SDG (and others): Perhaps my prior comment was worded too strongly - the thoughtfulness of your approach is admirable, and is not at all what I had in mind when I made my comment (though I can understand how you might've made that assumption, since my comment came a few posts after PTC had alluded to your less-than-favorable stance on 'Spirited Away'). However, I've known parents who do shield their children from any presentation of alternate (i.e., non-Christian) worldviews that does not denigrate or even ridicule these viewpoints. I suspect when these kids emerge Gollumlike from their ideological cave sometime in late adolescence, they're in for a rude shock, that has high potential to steer them away from the faith.

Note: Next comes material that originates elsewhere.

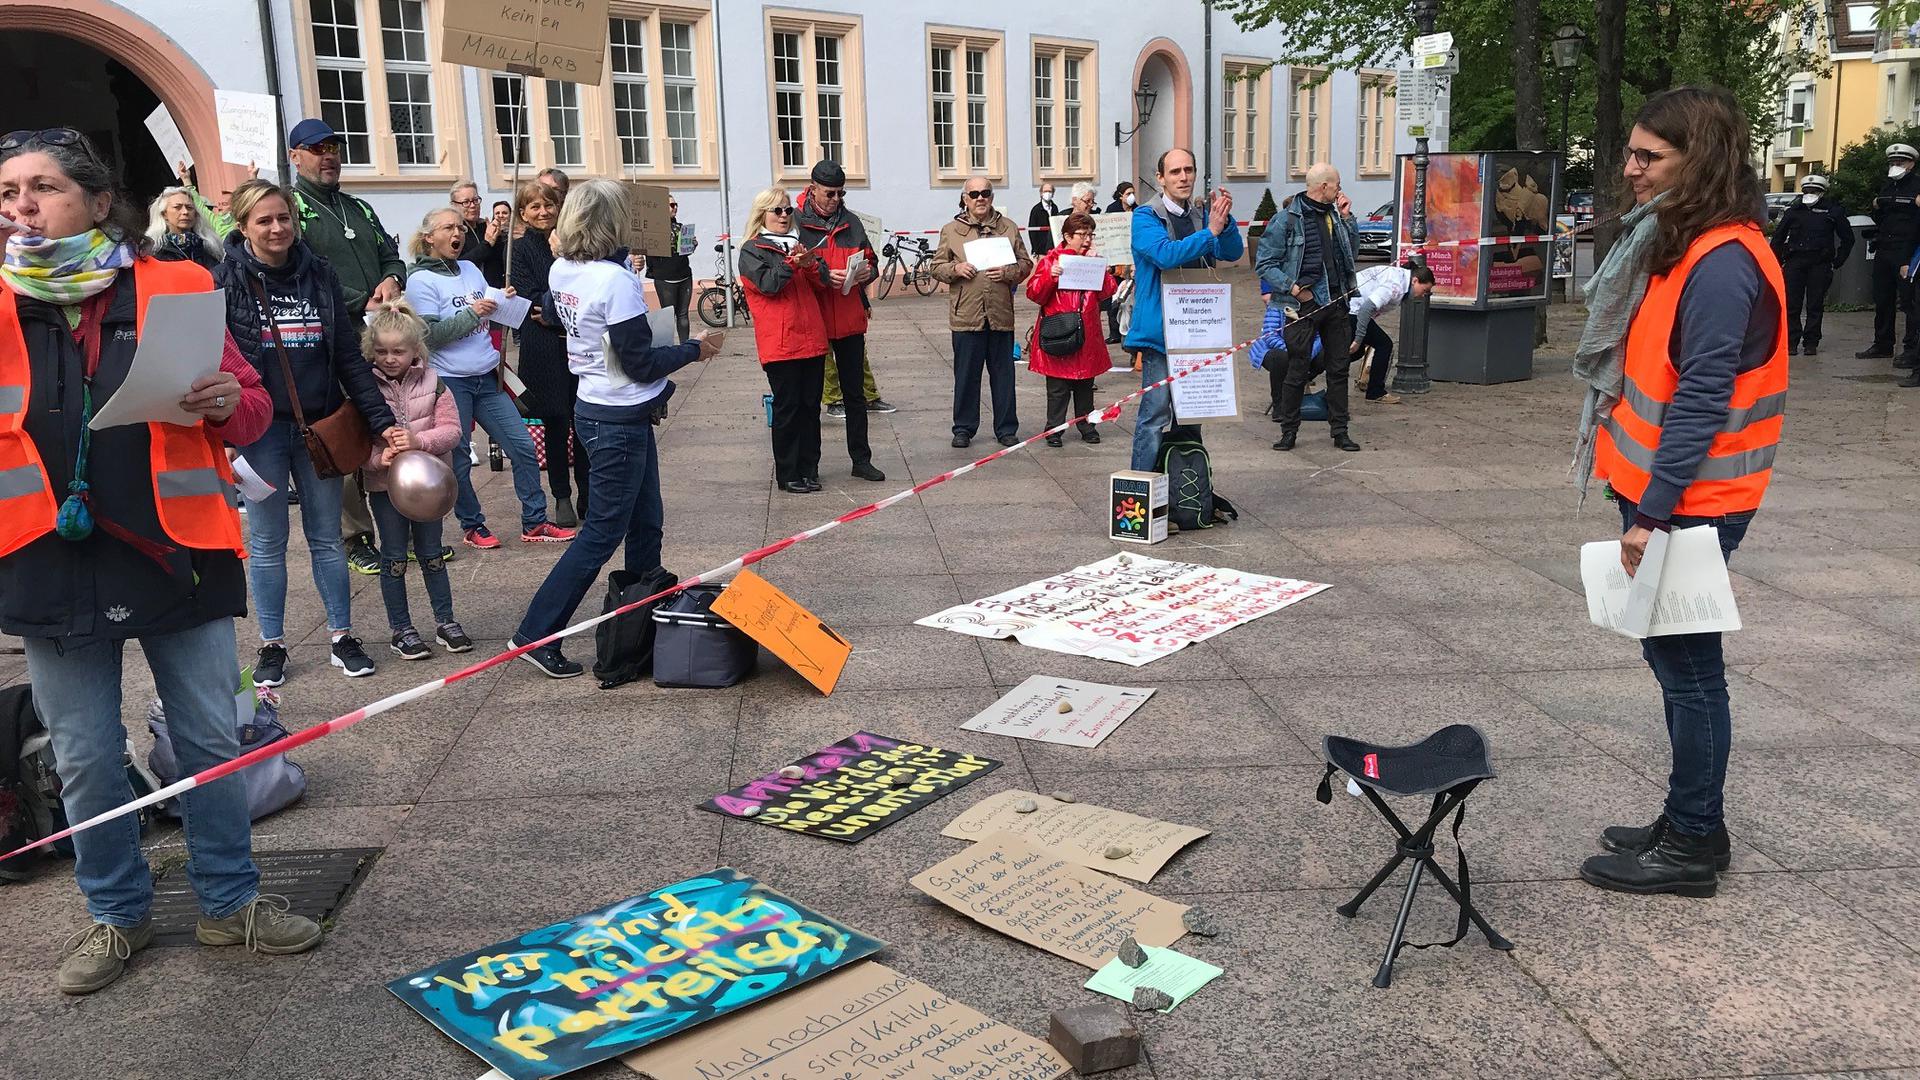 Demonstrierende vor dem Schloss Ettlingen sehen ihre Freiheit und ihre Grundrecht massiv eingeschränkt. Das kritisieren sie am Samstagvormittag erneut. Rund 100 Personen nahmen teil.

Anyway, back to the film itself:

- As far as the suitability of this particular Ghibli film for kids, perhaps this film does stir up a kind of primal foreboding that doesn't emerge from many of the other Ghibli's. Several months ago, I started to watch 'Spirited Away' with my kids, and they were clearly discomfited by Chihoro's abandonment and the first appearance of the translucent spirits, such that we stopped the film and moved on to lighter fare. They've never asked to try it again, while they love 'Kiki,' 'Pom Poko,' 'Totoro,' and 'Castle.' (I have no desire to show them 'Mononoke,' because I don't especially enjoy this film, and I don't care to expose my kids to the spectacle of a dude getting his arm lopped off.)

- I do disagree with you, SDG, regarding the presence/absence of grace in this film: what about the great lengths to which Chihiro goes in her attempt to rescue/redeem her parents, giving up her name and allowing herself to enter a frightening state of servitude -- or Chihiro's goodhearted reaching out to No-Face and the assistance she extends to the filthy river spirit?

- I concur, however, that 'Spirited Away' should not merely be reduced to a pro-environment film, just as 'Crime and Punishment' and 'Karamazov' should not be called police procedurals. Care for creation and issues of justice are significant themes in these respective works, but Miyazaki and Dostoevsky are too great to be pigeonholed in such a fashion.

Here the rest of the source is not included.